SWAGSplatting: Semantic-guided Water-scene Augmented Gaussian Splatting

TL;DR

Underwater 3D reconstruction suffers from light attenuation and scattering, hindering fidelity and semantic coherence. The paper introduces SWAGSplatting, a semantic-guided 3D Gaussian Splatting framework where every Gaussian carries a learnable semantic feature that is aligned with region-level CLIP embeddings, supervised by a semantic consistency loss. It also features a stage-wise optimization schedule and a Gaussian primitives reallocation strategy to balance the point cloud and boost detail in high-error areas. Across SeaThru-NeRF and Submerged3D, SWAGSplatting achieves up to 3.48 dB PSNR improvement and consistent gains in SSIM and LPIPS, demonstrating more accurate, semantically coherent underwater reconstructions with practical implications for marine perception. These contributions collectively push toward object-aware, robust underwater neural rendering with improved visual fidelity.

Abstract

Accurate 3D reconstruction in underwater environments remains a challenging task due to light attenuation, scattering, and limited visibility. While recent AI-based approaches have advanced underwater imaging, they often overlook high-level semantic understanding, which is crucial for reconstructing complex scenes.

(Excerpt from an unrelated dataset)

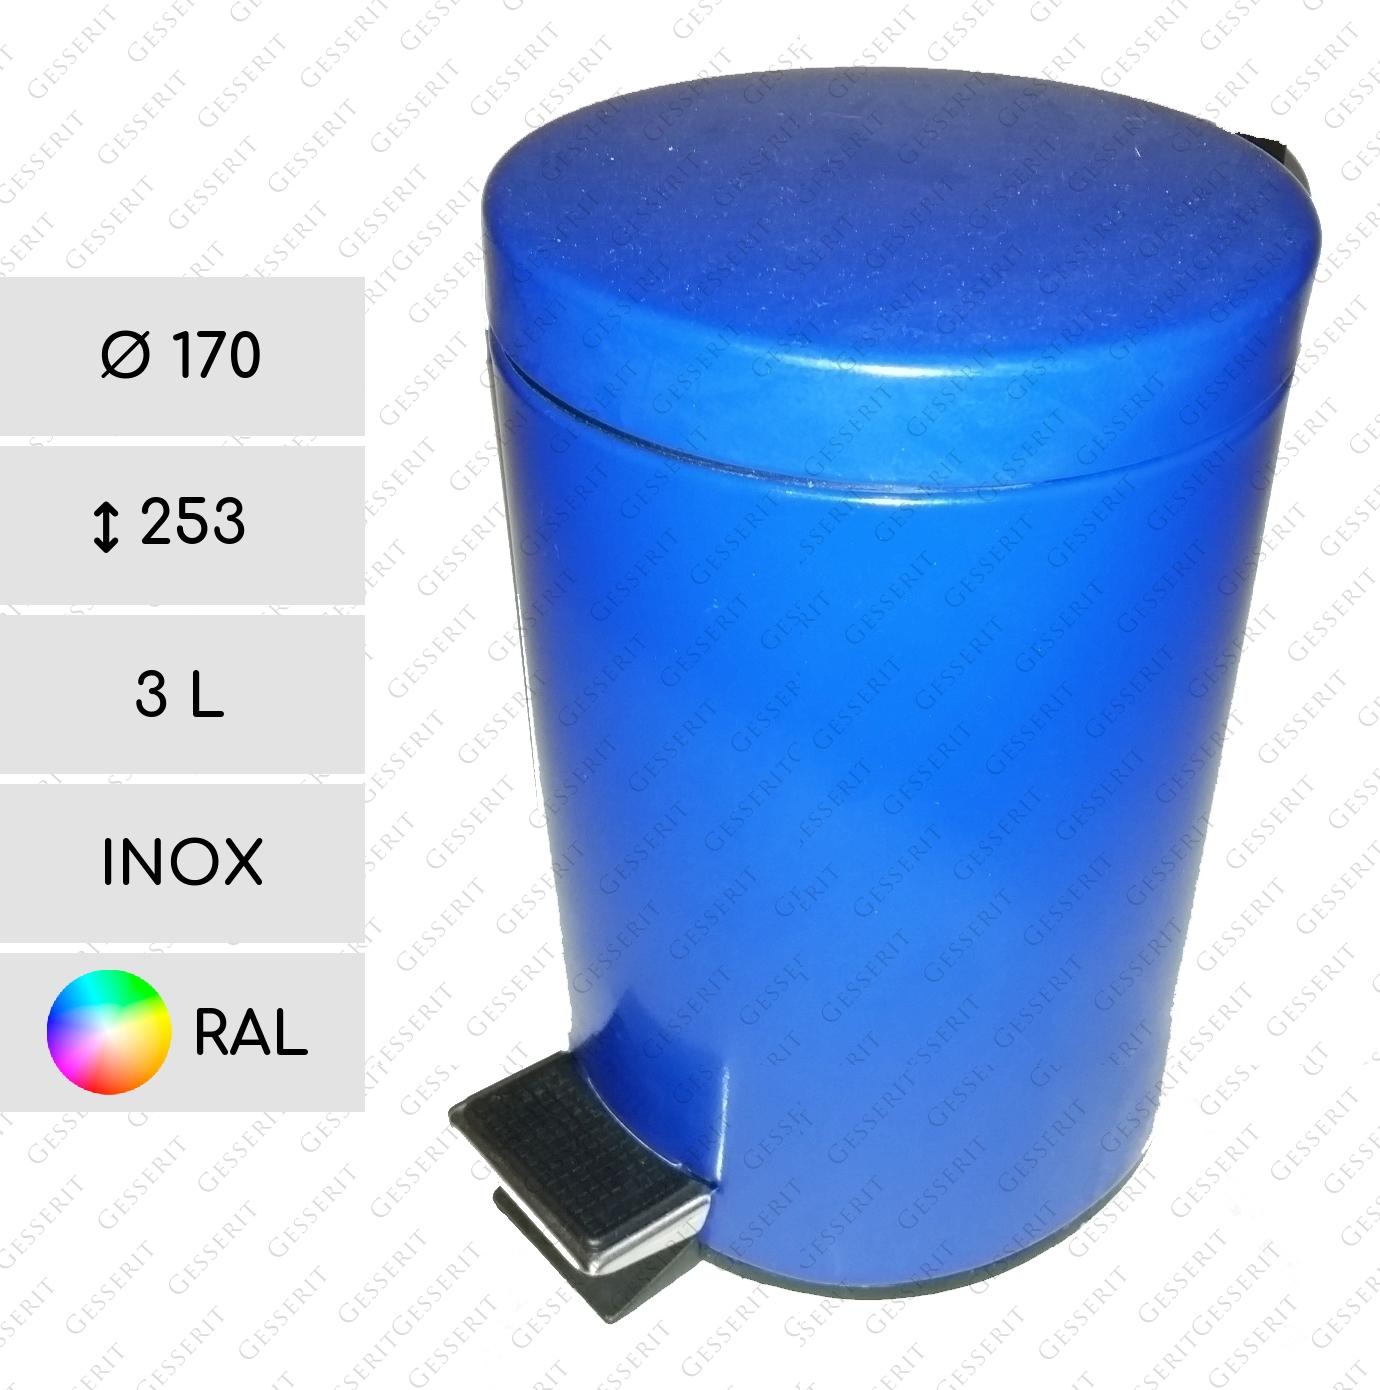 edelstahl m lleimer mit pedal 3 l edelstahl rostfrei in ral farben 170 x 253 mm. Black Bedroom Furniture Sets. Home Design Ideas

In this paper, we propose SWAGSplatting, \textit{Semantic-guided Water-scene Augmented Gaussian Splatting}, a novel multimodal framework that integrates language and vision knowledge into 3D Gaussian Splatting for robust and high-fidelity underwater reconstruction. Each Gaussian primitive is augmented with a learnable semantic feature, supervised using CLIP-based embeddings extracted from region-level semantic cues. A dedicated semantic consistency loss enforces alignment between geometric reconstruction and scene semantics. In addition, a stage-wise optimisation strategy combining coarse-to-fine learning with late-stage parameter refinement improves training stability and visual quality. Furthermore, we propose a 3D Gaussian Primitives Reallocation strategy to address the imbalanced distribution of primitives introduced by naive point cloud densification. Extensive experiments on the SeaThru-NeRF and Submerged3D datasets demonstrate that SWAGSplatting consistently outperforms state-of-the-art methods across PSNR, SSIM, and LPIPS metrics, achieving up to a 3.48 dB improvement in PSNR, enabling more accurate and semantically coherent underwater scene reconstruction for applications in marine perception and exploration.

Paper Structure

This paper contains 18 sections, 12 equations, 3 figures, 2 tables.

Figures (3)

  • Figure 1: Reconstruction performance comparison among 3DGS kerbl:3Dgaussians:2023, UW-GS wang2024uw, and the proposed SWAGSplatting. Relative to the 3DGS and UW-GS methods, SWAGSplatting markedly suppresses artefact generation and yields more faithful rendering results.
  • Figure 2: Pipeline of the SWAGSplatting. Yellow highlights indicate the proposed contributions: (1) semantic-guided loss $L_s$ to obtain high-level structure consistency and high fidelity and quality reconstruction; (2) stage-wise optimisation strategy to enhance both training stability and construction quality; (3) 3D Gaussian primitives reallocation balances the point-cloud distribution and improves reconstruction with the same number of primitives.
  • Figure 3: Novel view rendering comparison. The first row shows results from the IUI-Redsea scene from the SeaThru-NeRF dataset, and the second row shows the reconstructed scenes of the Isro from the Submerged3D dataset. The left side of the third row displays the reconstructed scene of the Tokai from the Submerged3D, while the right side shows the Japanese-Redsea.